EU Imposes $3.5 Billion Fine on Google Over Advertising Technology Practices
September 5, 2025 — By Maria Deutscher, SiliconANGLE
The European Union has levied a substantial antitrust fine against Google, imposing a penalty of €2.95 billion (approximately $3.5 billion) for practices deemed anticompetitive in the digital advertising technology market. This decision marks the culmination of a four-year investigation into Google’s operations related to its advertising cloud applications.
Details of the Investigation and Findings
The European Commission’s probe focused on a suite of cloud-based advertising tools provided by Google to website operators and marketers. These applications facilitate the sale of advertising space by publishers, while advertisers use the platforms to place bids for that ad inventory. EU regulators identified Google as holding a dominant position in two critical segments of the ad technology market.
According to the Commission, Google abused this dominance to advantage its own products unfairly. Key to the concerns was Google’s online auction platform, known as AdX, which processes bids advertisers place for ad space.
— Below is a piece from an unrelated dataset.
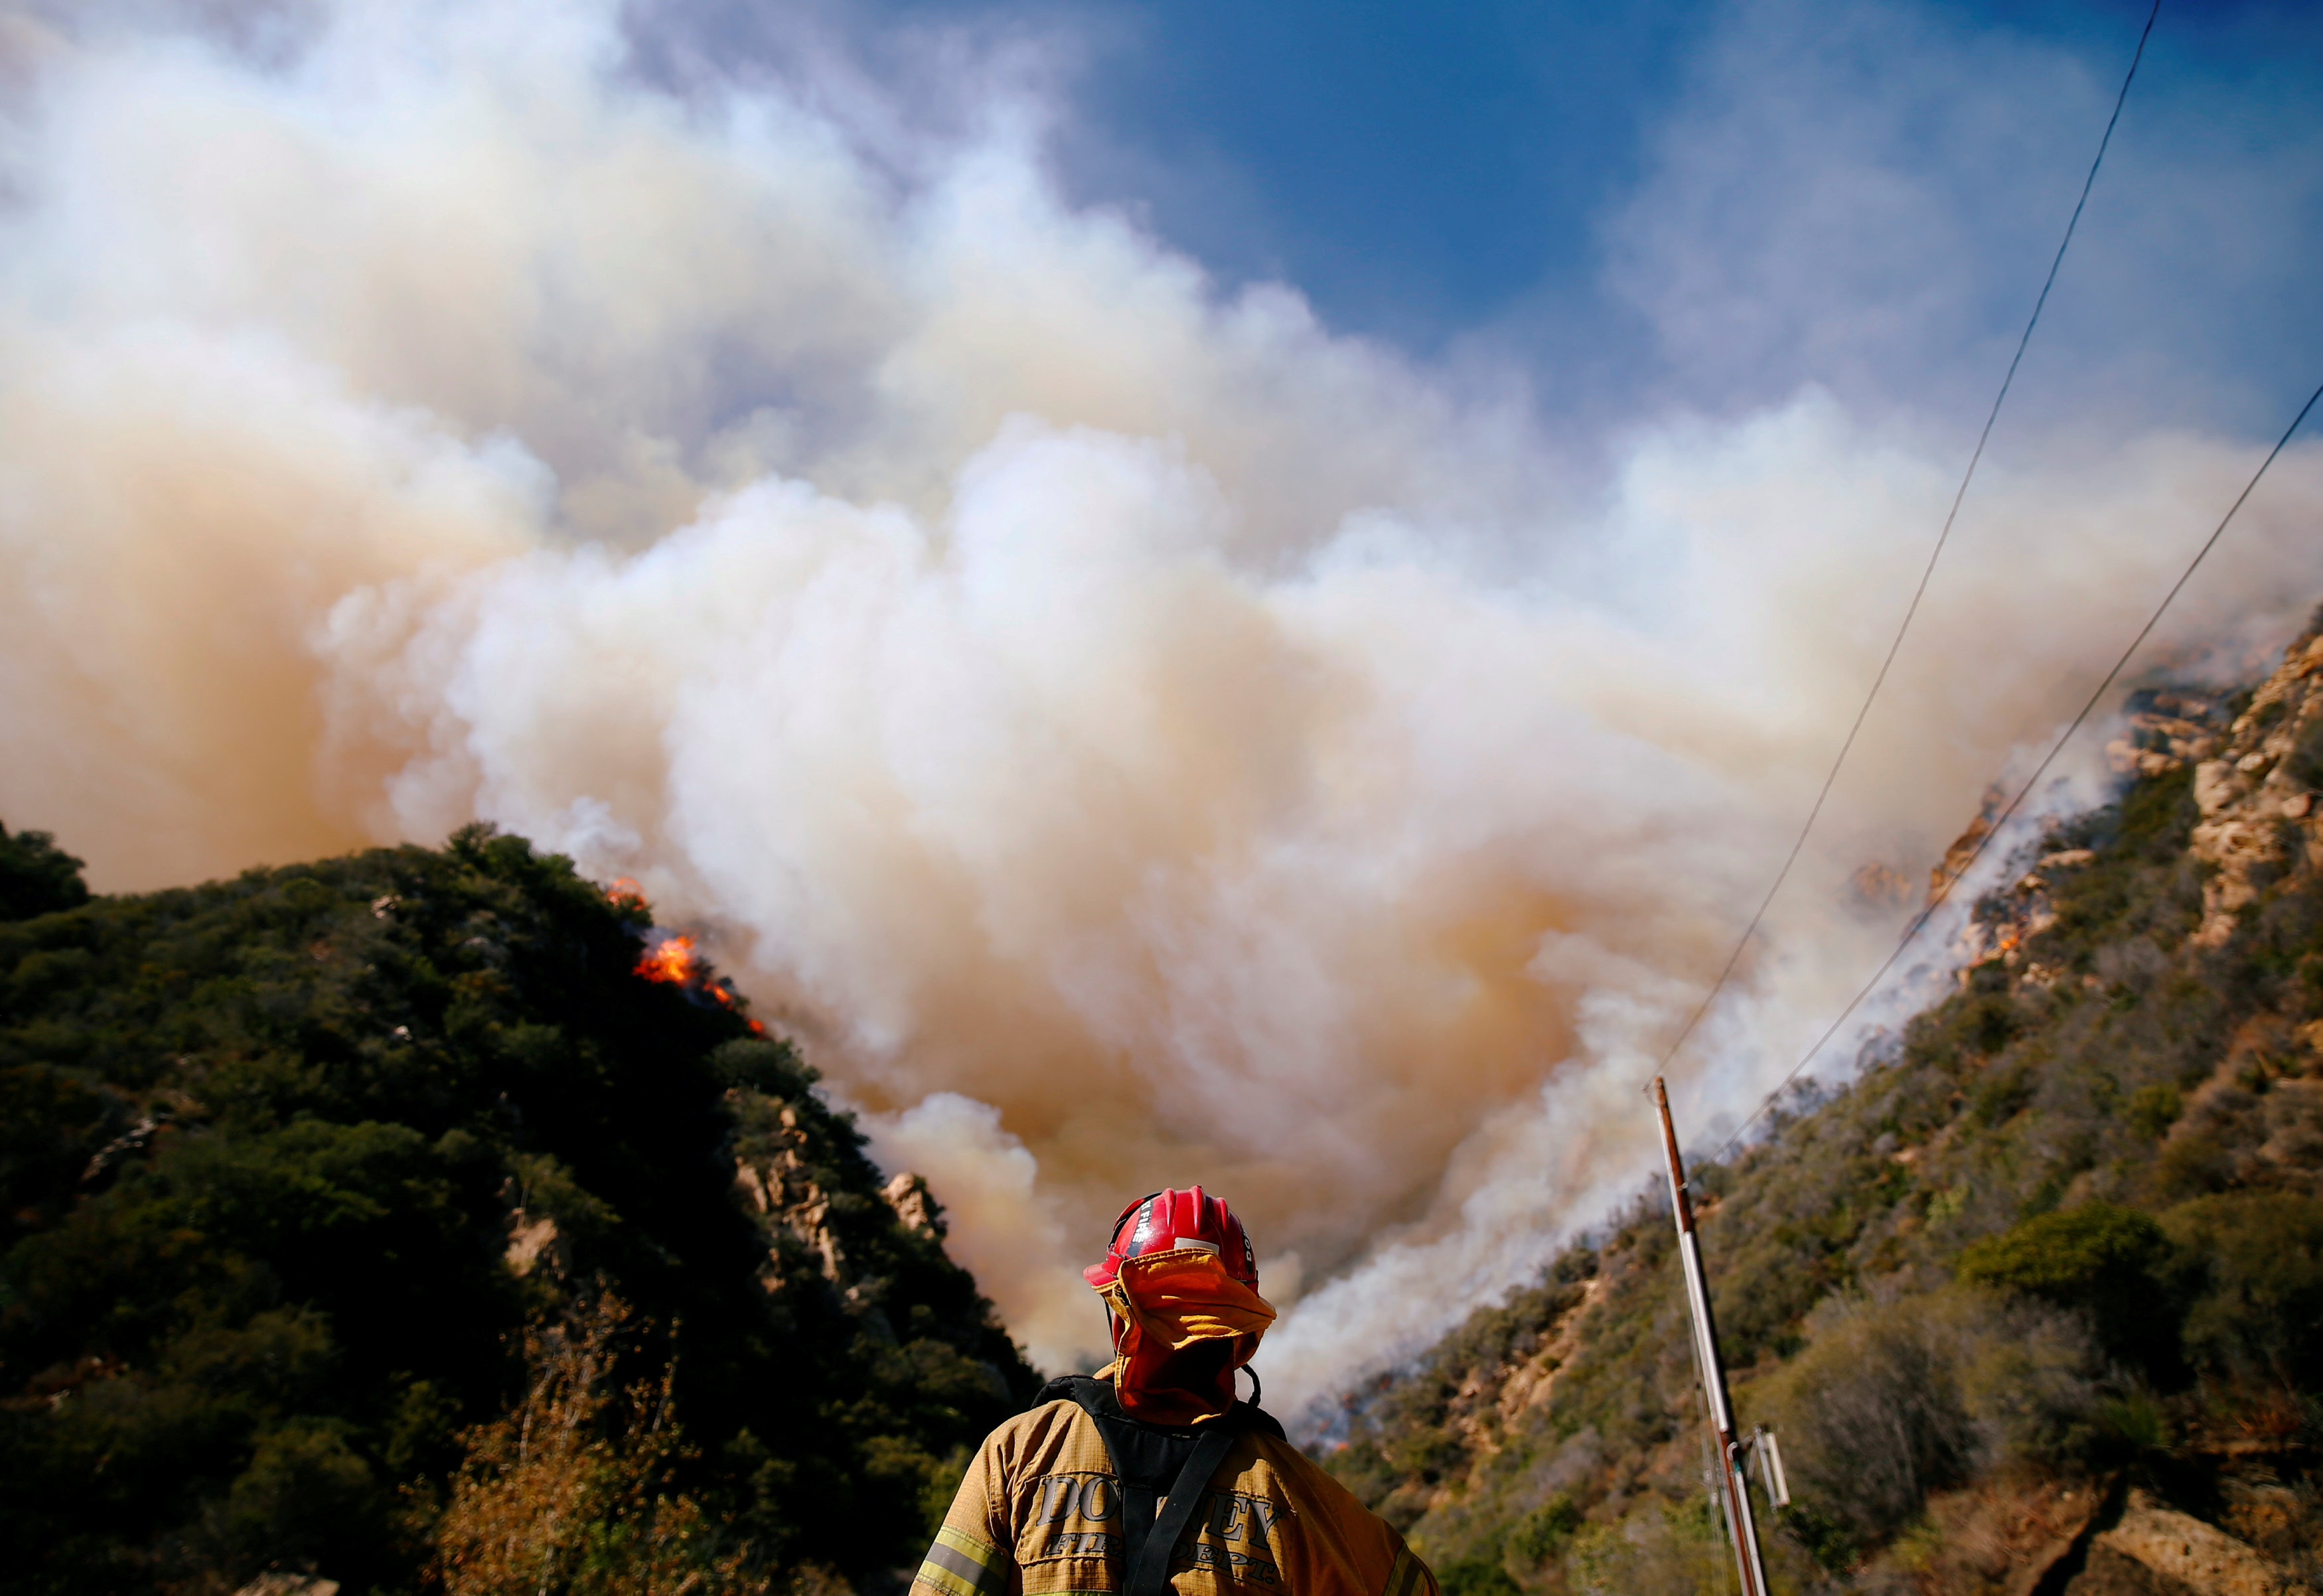 California: Suman 74 muertos y 1,011 desaparecidos por incendios forestales

The highest bid typically wins an auction; however, EU officials found that Google did not route bids to competing auction platforms, effectively favoring its own AdX platform.
Further issues were found with Google Ad Manager, a tool used by website operators to sell advertising space. The investigation concluded that this tool gave Google access to sensitive auction data from rival ad platforms, which Google allegedly exploited to gain an unfair edge in the marketplace.
EU’s Orders Beyond the Fine
In addition to the significant financial penalty, the European Commission has mandated structural and behavioral changes to Google’s business practices. These include requirements to end practices that create conflicts of interest within the ad tech ecosystem. The Commission has tentatively indicated that fulfilling these conditions could necessitate Google divesting parts of its advertising technology business.
Google’s Response and Reactions
Google plans to appeal the decision. Lee-Anne Mulholland, Google’s global head of regulatory affairs, characterized the fine and the proposed remedies as unjustified and expressed concern that the changes would negatively affect thousands of European businesses relying on Google’s advertising platform.
This development has also attracted attention across the Atlantic. Former U.S. President Donald Trump criticized the European ruling on his Truth Social platform, stating that the fine penalizes a leading American company unfairly and threatens American investments and jobs. Trump warned of potential retaliatory measures, including initiating a Section 301 trade investigation to counteract what he termed unfair penalties.
Context Within Broader Legal Challenges
The European ruling coincides with parallel legal battles in the United States. A recent DOJ antitrust trial considered whether Google should be ordered to sell its Chrome browser as a remedy, but the presiding judge rejected that proposal. Additionally, a federal court earlier this year ruled that Google holds an illegal monopoly in parts of the ad tech market encompassing the same Google products the EU targeted. A remedies trial in that case is scheduled to commence later this month.
Implications
This landmark EU fine and accompanying orders highlight increased scrutiny of dominant digital platforms and the complex landscape of online advertising technology. As Google seeks to appeal, the digital advertising ecosystem faces potential shifts affecting advertisers, publishers, and consumers across Europe and beyond.